| Task statement |
In the records below, reproduce exactly the lines from the one containing "Air Clean Systems" through the one containing "UES Double Honeycomb", both included, and omit the pictures.
*** Dataset records
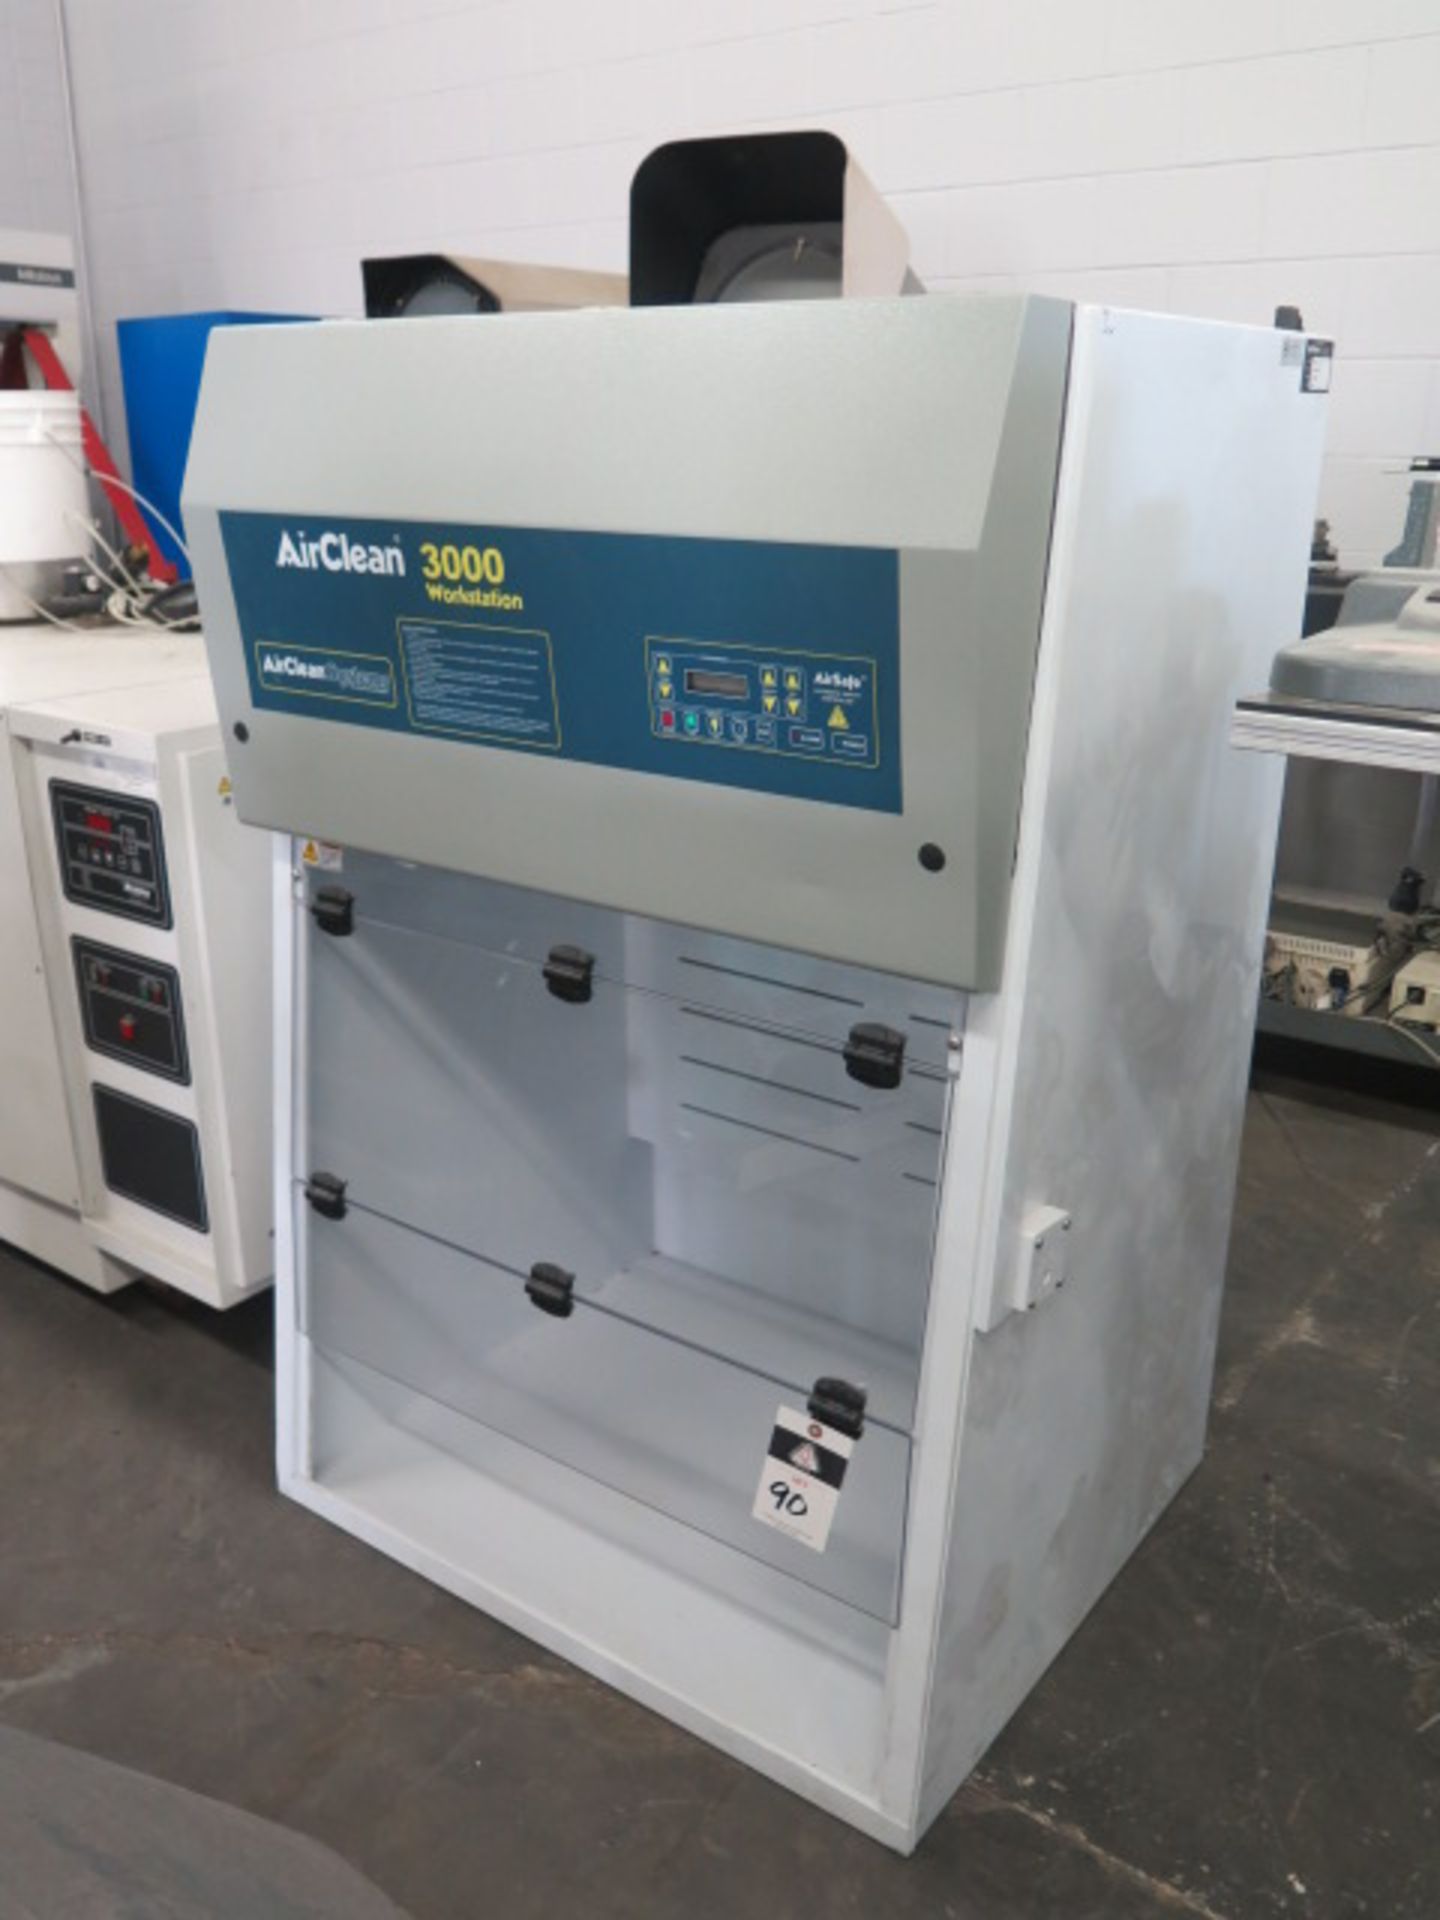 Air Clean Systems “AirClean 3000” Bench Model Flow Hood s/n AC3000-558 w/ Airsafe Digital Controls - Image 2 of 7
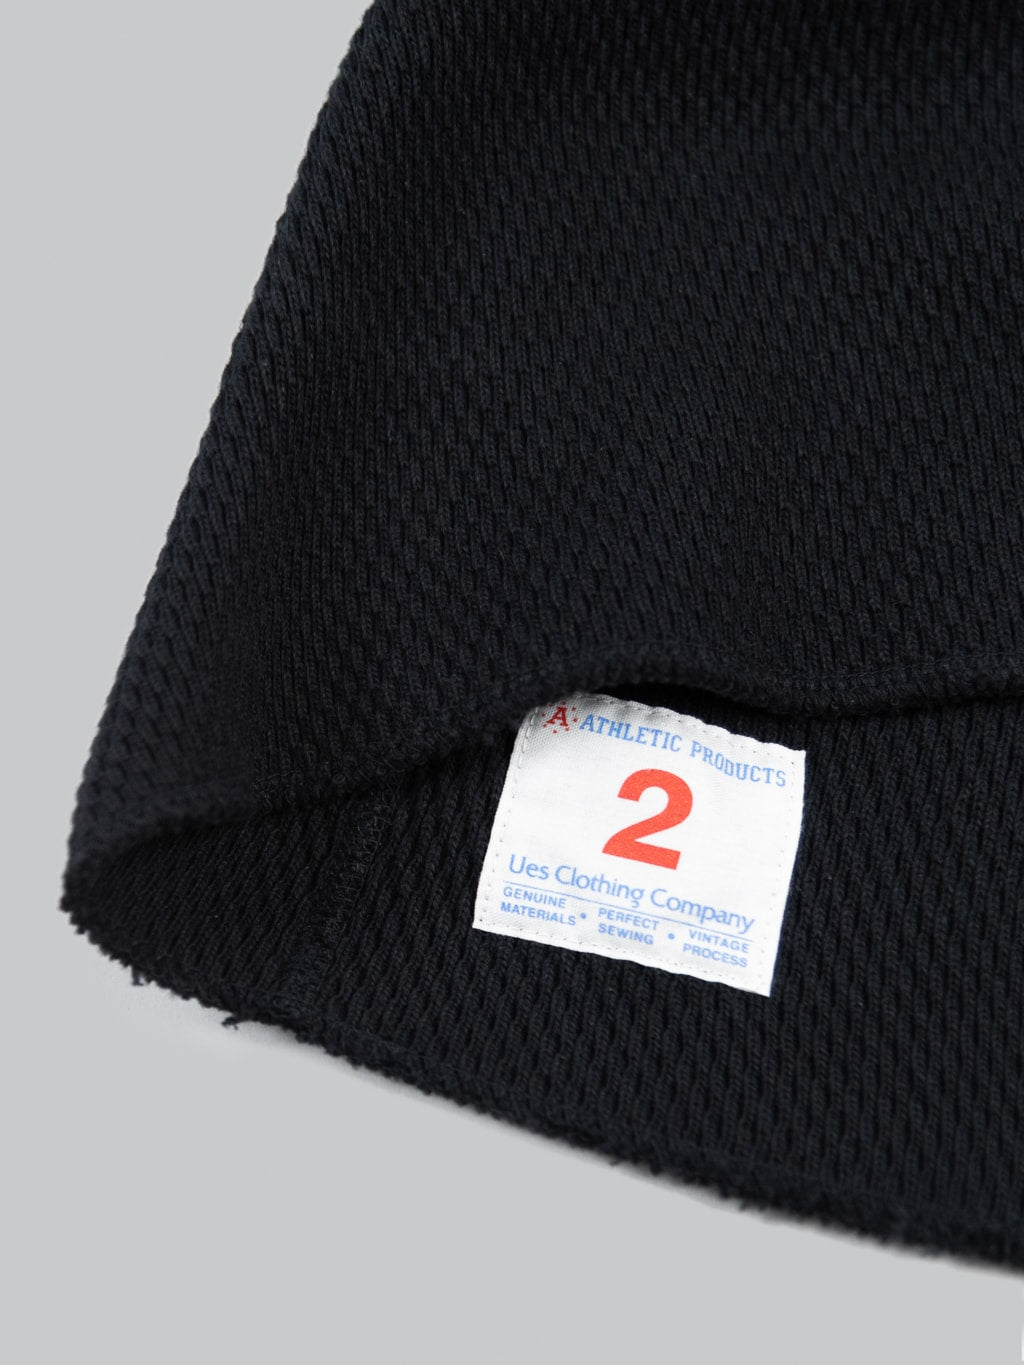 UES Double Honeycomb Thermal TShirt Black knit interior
******
*** Dataset records
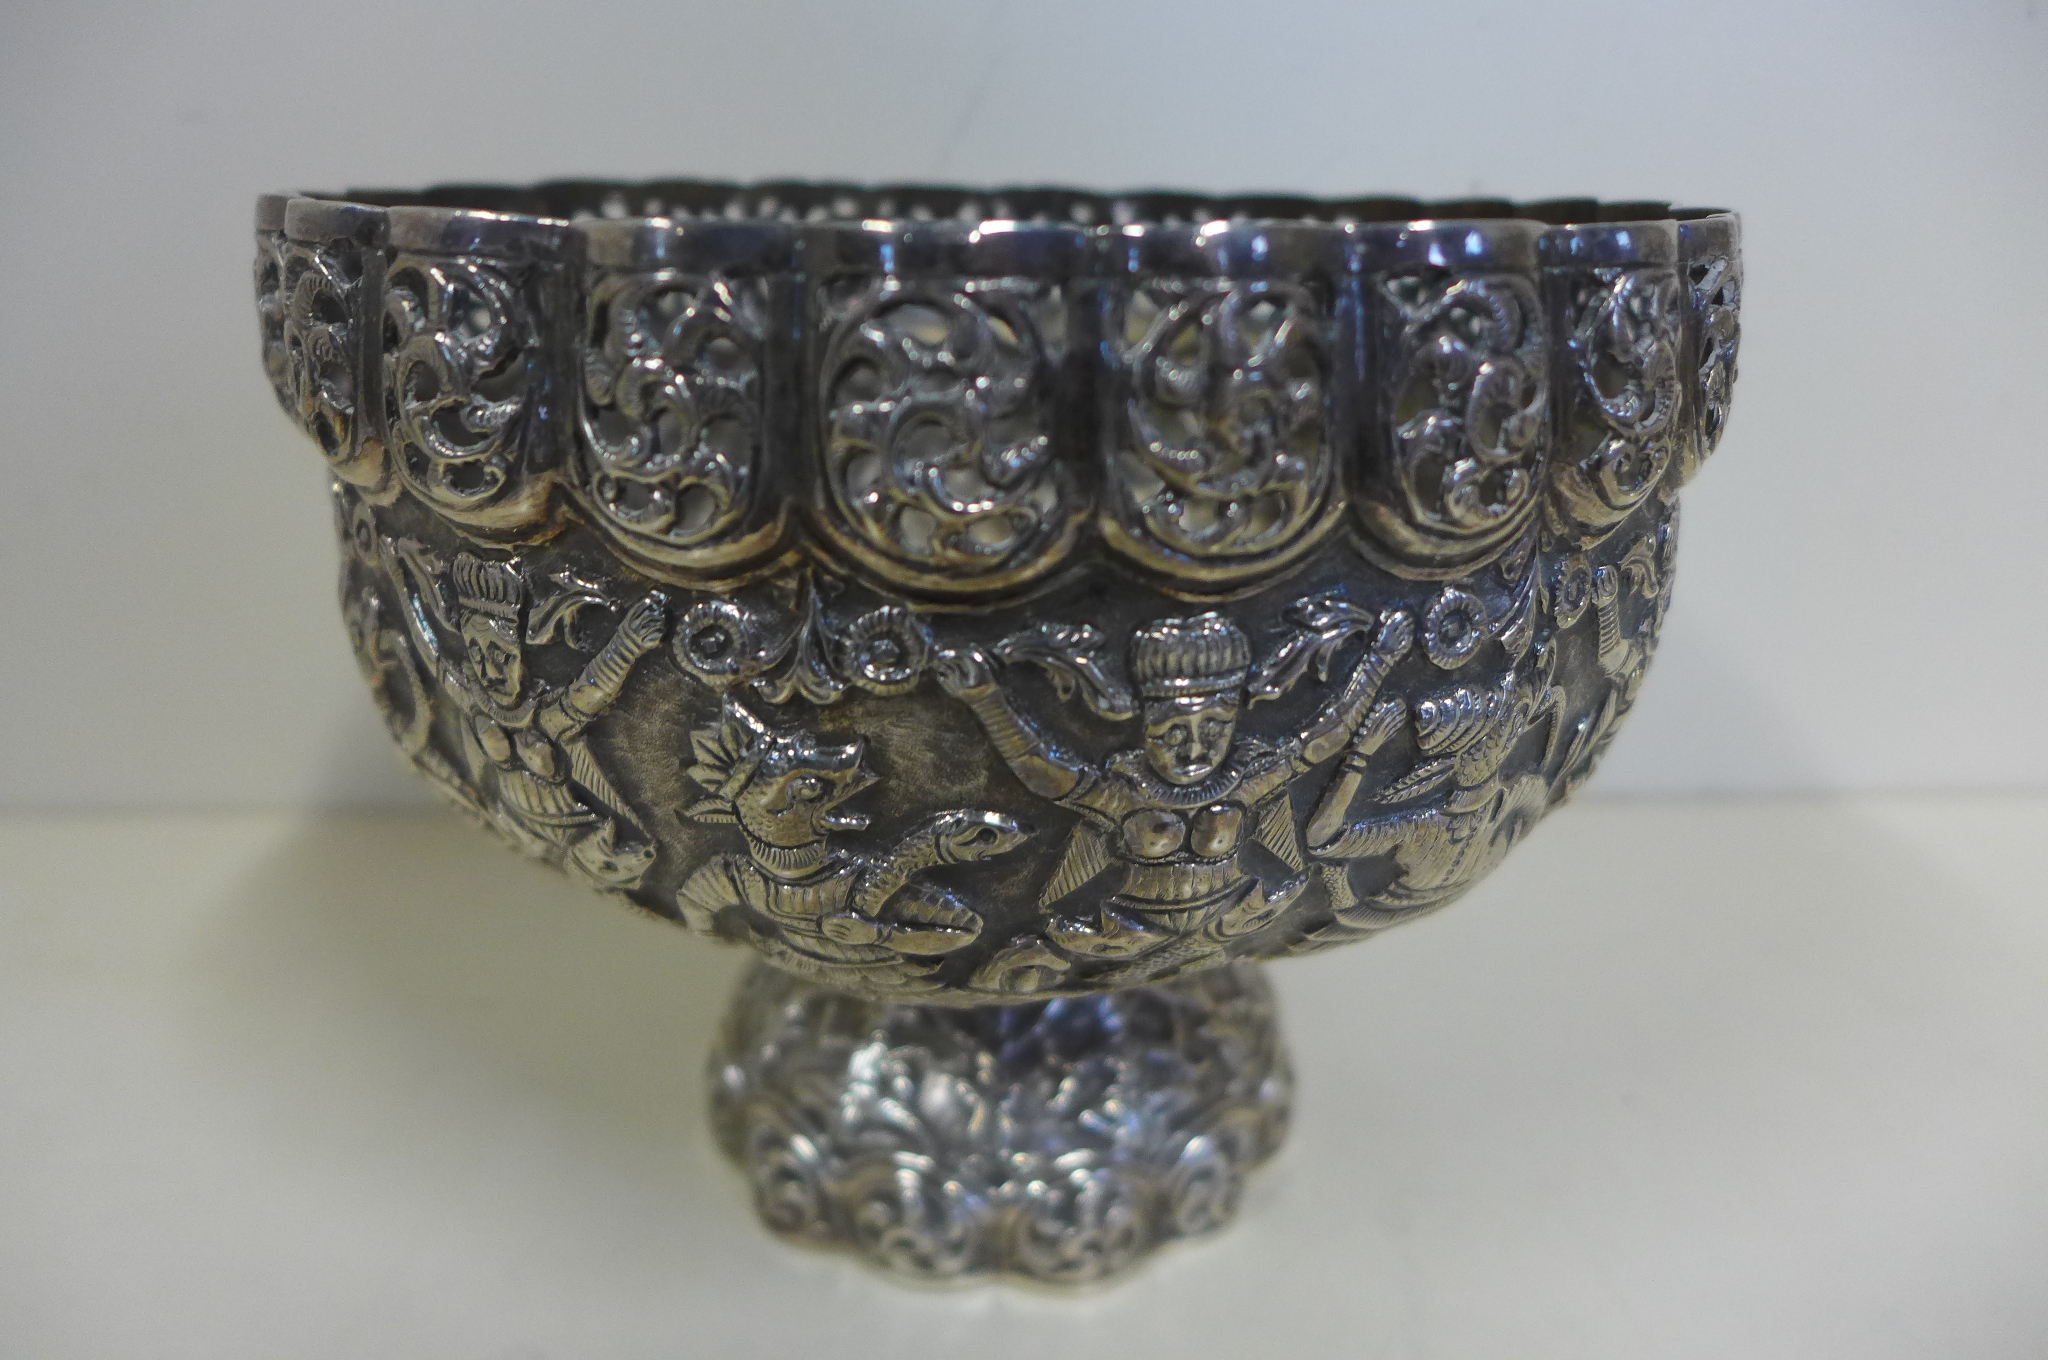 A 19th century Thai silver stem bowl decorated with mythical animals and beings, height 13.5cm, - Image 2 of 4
******
*** Dataset records
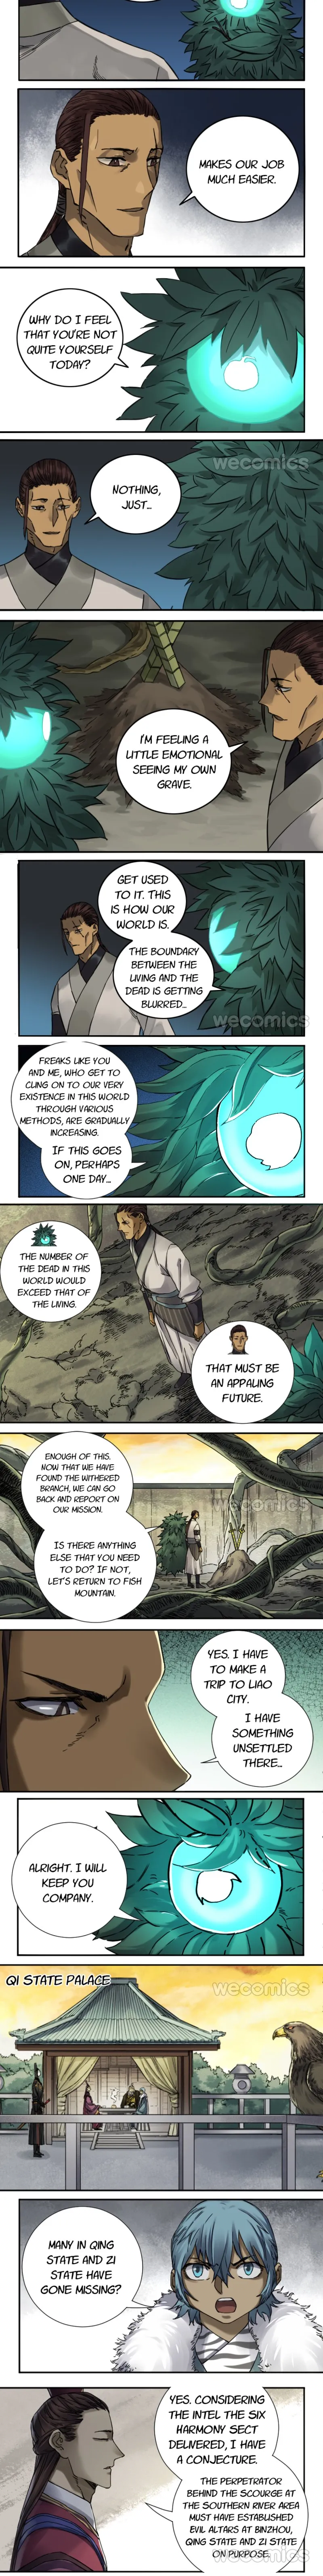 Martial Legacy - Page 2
******
| Written response |
 Air Clean Systems “AirClean 3000” Bench Model Flow Hood s/n AC3000-558 w/ Airsafe Digital Controls - Image 2 of 7
 UES Double Honeycomb Thermal TShirt Black knit interior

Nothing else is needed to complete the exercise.